3.9 million adults in Malaysia were reported to suffer from diabetes in 2020, with the rate of prevalence increasing from 13.4% in 2015 to 18.3% in 2019[1]. 

Diabetes occurs when levels of blood glucose or blood sugar in the body is too high. Insulin, a hormone produced by the pancreas, helps glucose in blood to get into the cells of the body to be used as fuel. When the body is unable to make enough or does not produce insulin at all, the glucose remains in the blood and does not reach the cells[2]. Therefore, insulin has an important role in managing the body’s blood sugar and preventing the complications of diabetes, such as blindness, heart diseases, kidney damage, and nerve damage[3]. Having diabetes also doubles your chance of a heart attack[4].

Understanding the role of insulin is vital in managing this condition. If you have either type of diabetes, Type 1 or Type 2, you need to learn about which information surrounding insulin are myths and which ones are facts. Note that knowing much about insulin therapy will help in managing your diabetes effectively.

Insulin Myths and Facts


Myth: Insulin is the last resort. 

Fact: Insulin is usually seen as the last resort against diabetes. You may feel that insulin will only become necessary when your situation has significantly degraded. However, insulin taken as a medication is very similar to the insulin naturally produced by the body, making it one of the best ways to control sugar levels in your blood[5]. 

Myth: If you have Type 2 diabetes and your doctor requires you to use insulin, you have failed in managing your condition.

Fact: Type 2 diabetes is often a progressive disease. Over time, the pancreas will eventually be unable to produce enough insulin for the needs of the body and the oral medications for diabetes alone can no longer maintain blood sugar at an optimum level. Using insulin at this stage to keep your blood sugar at a healthy level is in fact a welcome sight[6].

Myth: Insulin injections hurt.

Fact: Most people fear injections. But you will be surprised to know how little insulin injections hurt. There is no sting, and the needles are very thin and small. Many people who have tried it find it even less painful than the finger stick used to monitor blood sugar level[7]

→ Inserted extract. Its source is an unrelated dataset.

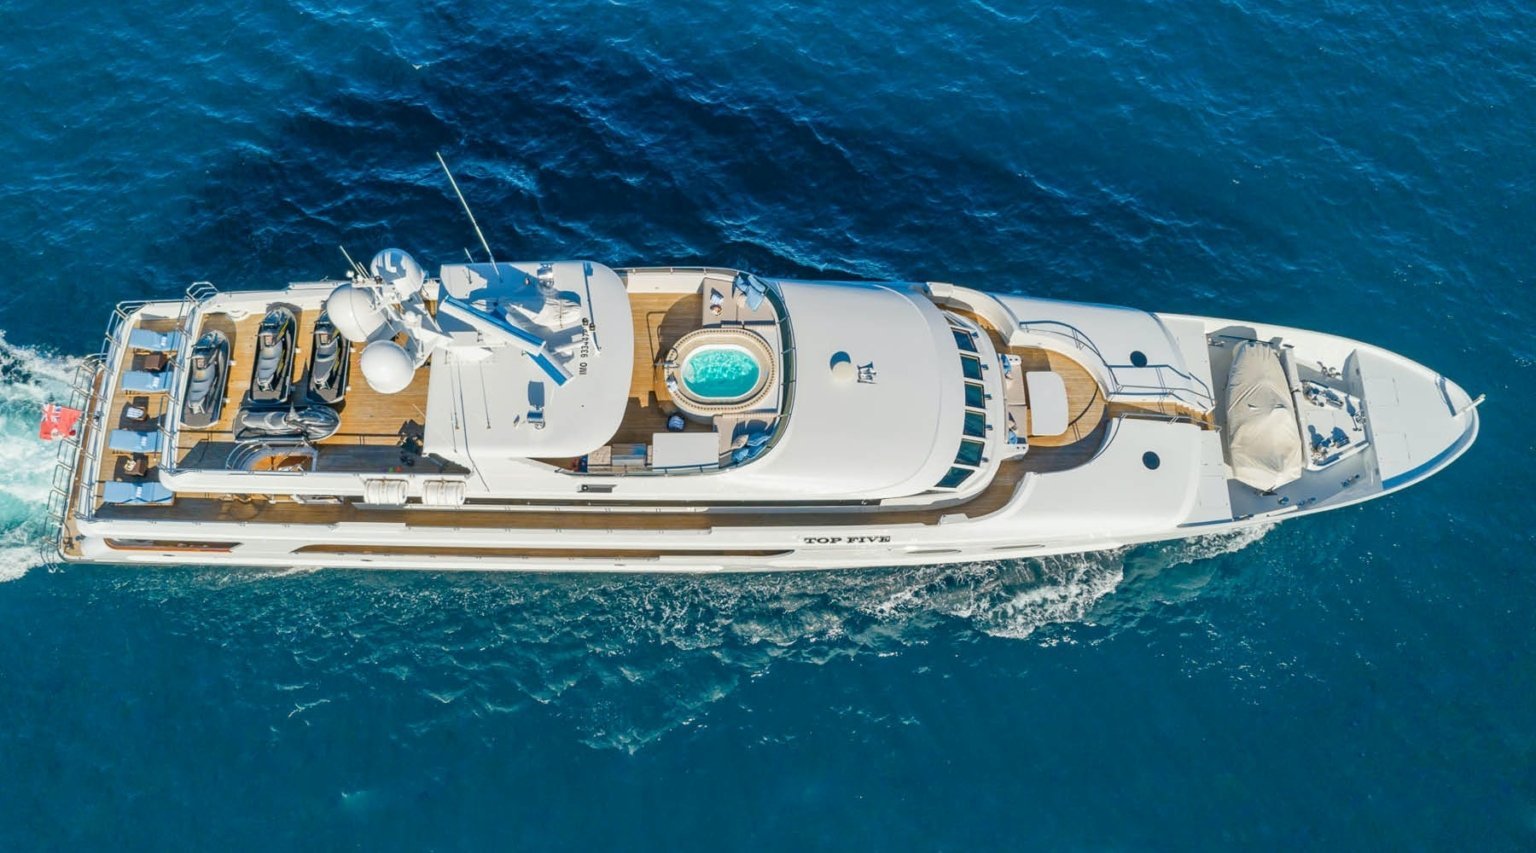 who owns yacht top five ii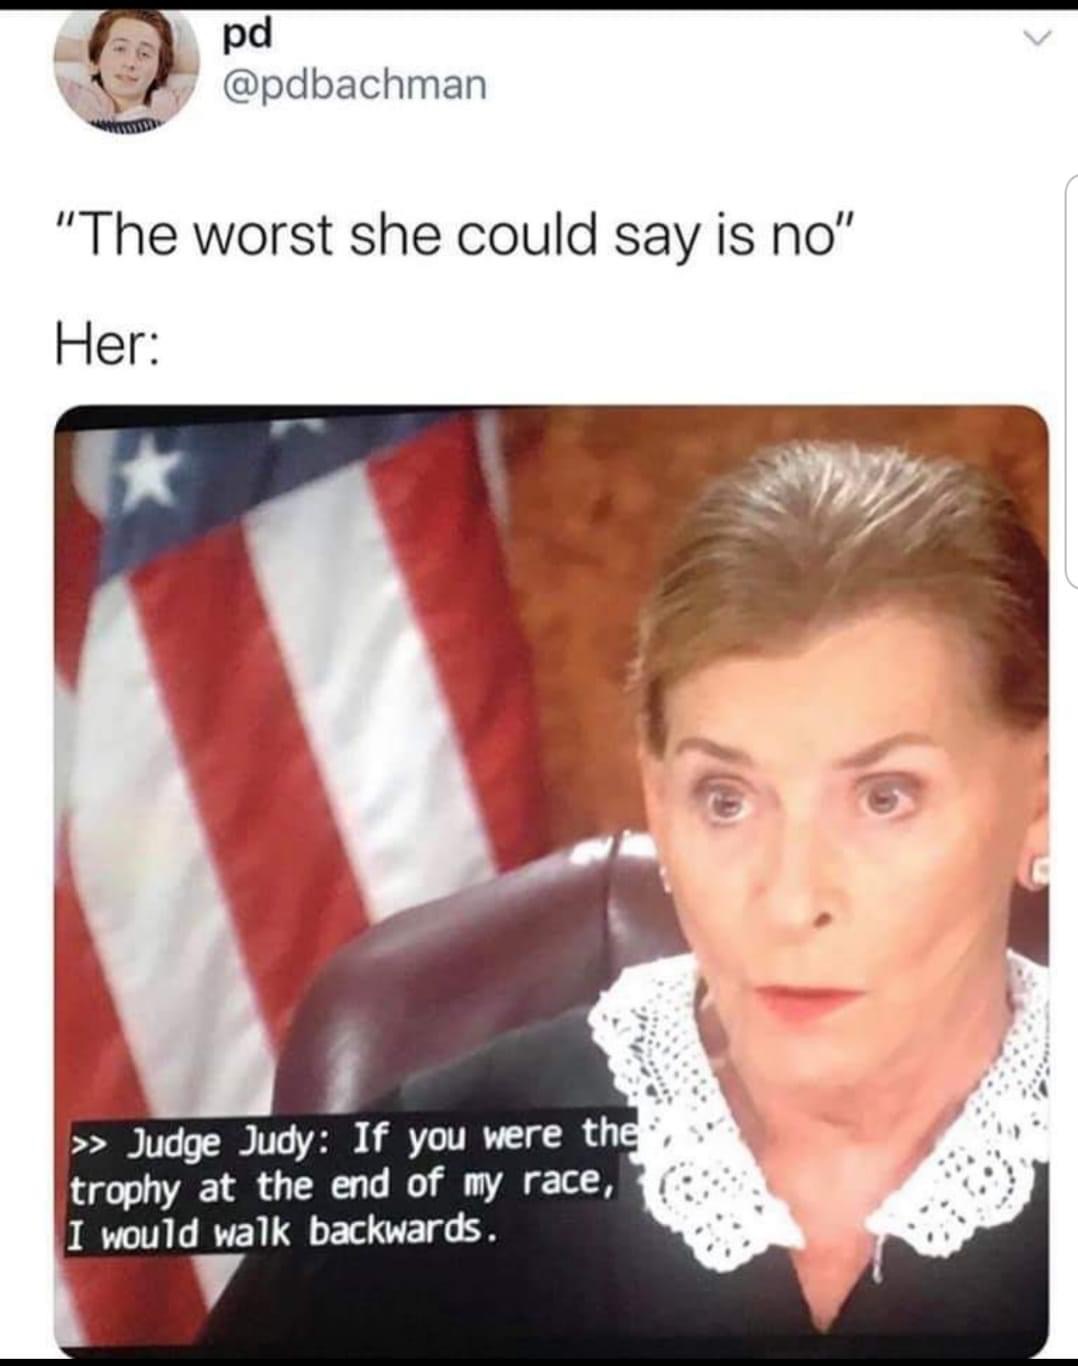 memes judge judy - pd "The worst she could say is no" Her >> Judge Judy If you were the trophy at the end of my race, I would walk backwards.

Myth: Insulin causes you to gain weight.

Fact: It is in fact true that patients may gain weight when they start using insulin. This is because your body is able to use food more efficiently with insulin[8]. Diet and exercise also have a significant impact on maintaining your weight while taking insulin.

The Goals of Insulin Therapy

Insulin myths and worries should not prevent you from pursuing the most optimal treatment for diabetes. To know if you are at an optimum glycaemic level, you can be tested to gauge the level of HbA1c in your blood, a marker of average glycaemia level over the previous three-month period[9].

Insulin therapy is a proven and arguably the most effective way to lower blood sugar levels. When you have Type 1 diabetes, insulin therapy replaces the insulin that your body does not produce. Insulin is recommended for patients with uncontrolled diabetes, with some health care professionals suggesting insulin therapy earlier during treatment.

This means that insulin therapy will depend on your needs and lifestyle as well. Do not hesitate to consult your doctor on all your concerns about insulin, its effects, and what is best for you. 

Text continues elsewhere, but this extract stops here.